New Delhi and Jakarta share many development challenges and foreign policy objectives. But despite last week’s summit, there remain several challenges to realizing the full potential of the bilateral relationship.

Expert comment Published 3 February 2025 4 minute READ

Indonesian President Prabowo Subianto’s visit to India last week highlighted the vast potential for collaboration between the two most populous democracies in the Global South. 

As neighbours with no major bilateral disputes, similar development challenges and overlapping worldviews (not to mention a shared cultural heritage from Bollywood to the Ramayana), New Delhi and Jakarta could put weight and energy behind calls for reform of international institutions. Together, they could provide real Global South leadership at a time when the multilateral system is breaking down.

However, the warm rhetoric from Prabowo’s meeting with Indian Prime Minister Narendra Modi belies the lack of substance in bilateral relations and the slow progress made in recent years. 

Modi and Indonesia’s previous President Joko Widodo, both elected in 2014, developed a nascent relationship but failed to transform that goodwill into a step-change in their nations’ ties. 

That is worrying. If two large, diverse democracies such as India and Indonesia cannot cooperate meaningfully as neighbouring states in the Indian Ocean Region and Indo-Pacific, what hope is there for cooperation across the broader Global South?

Helmed by strong leaders with deep wells of public support, both governments have an opportunity to push collaboration to new heights. But if they are to succeed, they will have to learn from the mistakes of the past and invest significant political and financial capital.

Turbulent history

There have been several false starts in the bilateral relationship. New Delhi was a vocal opponent of Dutch efforts to crush the Indonesian independence movement after World War Two, facilitating a cordial relationship between India’s first prime minister, Jawaharlal Nehru, and Indonesia’s founding President Sukarno. Both countries were strong proponents of ‘third world solidarity’, which manifested in the Asia-Africa Summit in Bandung in 1955 and the subsequent foundation of the Non-Aligned Movement. 

Both countries stepped up confidence-building through joint military exercises and humanitarian assistance operations, such as after the 2004 Indian Ocean tsunami.

However, the relationship became increasingly confrontational during the Cold War: Jakarta sided with Pakistan and China during India’s wars with both countries in the 1960s. Mutual mistrust persisted into the 1980s as Jakarta voiced concerns about India’s military presence on the Andaman and Nicobar Islands, located only 80 nautical miles from the Indonesian island of Sumatra. 

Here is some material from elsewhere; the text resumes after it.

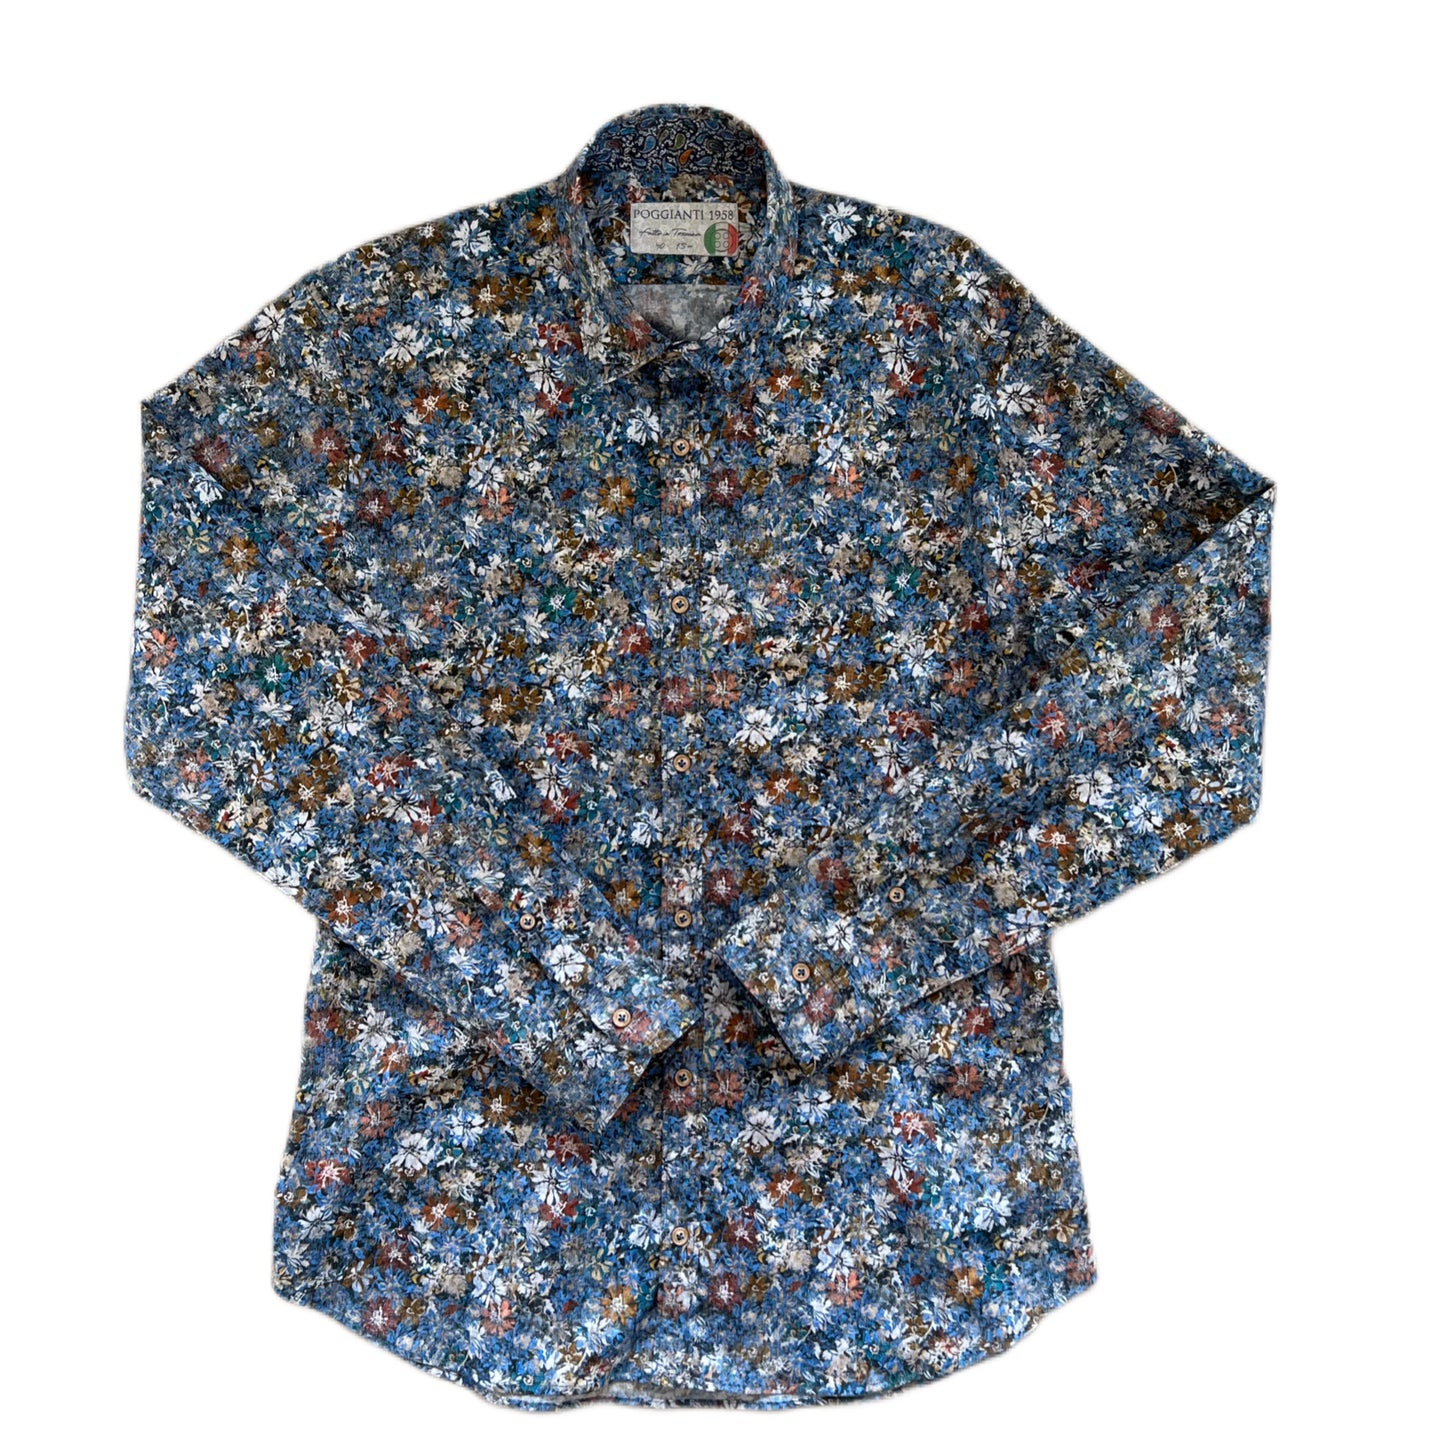 Poggianti 1958 - Shirt Soiana Floral Patterned

Relations improved over time as both countries stepped up confidence-building through joint military exercises and humanitarian assistance operations, such as after the 2004 Indian Ocean tsunami. Increasingly, practical and strategic considerations have trumped ideological affinities. 

Common development challenges

As sprawling, multi-ethnic democracies with heavily decentralized political systems, with borders set by the arbitrary limits of colonial expansion, India and Indonesia share many common development challenges. Both also have foreign policies that seek to forge independent paths between China and the US. Each speaks of the need to rebalance the multilateral system in favour of developing nations.

Too often, India and Indonesia have faced… challenges in parallel rather than in unison, operating essentially as competing foreign investment destinations.

There is much that both countries can learn from the other; from improving physical infrastructure to reducing burdensome bureaucracy and corruption, leveraging technological change and tackling climate change. And there are areas of existing collaboration: India is a leading buyer of Indonesian coal and both countries are seeking cooperation in areas from biofuels development to joint exploration of critical minerals.

But, too often, India and Indonesia have faced shared challenges in parallel rather than in unison, operating essentially as competing foreign investment destinations: Both see themselves as beneficiaries of the push to de-risk or diversify supply chains away from China. Both seek to leverage their large populations, favourable demographics and low-cost labour advantage. Both maintain thriving start-up digital ecosystems. 

Meanwhile, annual bilateral trade falls well short of the $50 billion target previously set for 2025. And free trade negotiations have been slow moving since 2011.

Focus

The joint statement between Modi and Prabowo called for both governments to collaborate across almost every imaginable issue from science and technology to maritime security and the Indo-Pacific regional architecture. 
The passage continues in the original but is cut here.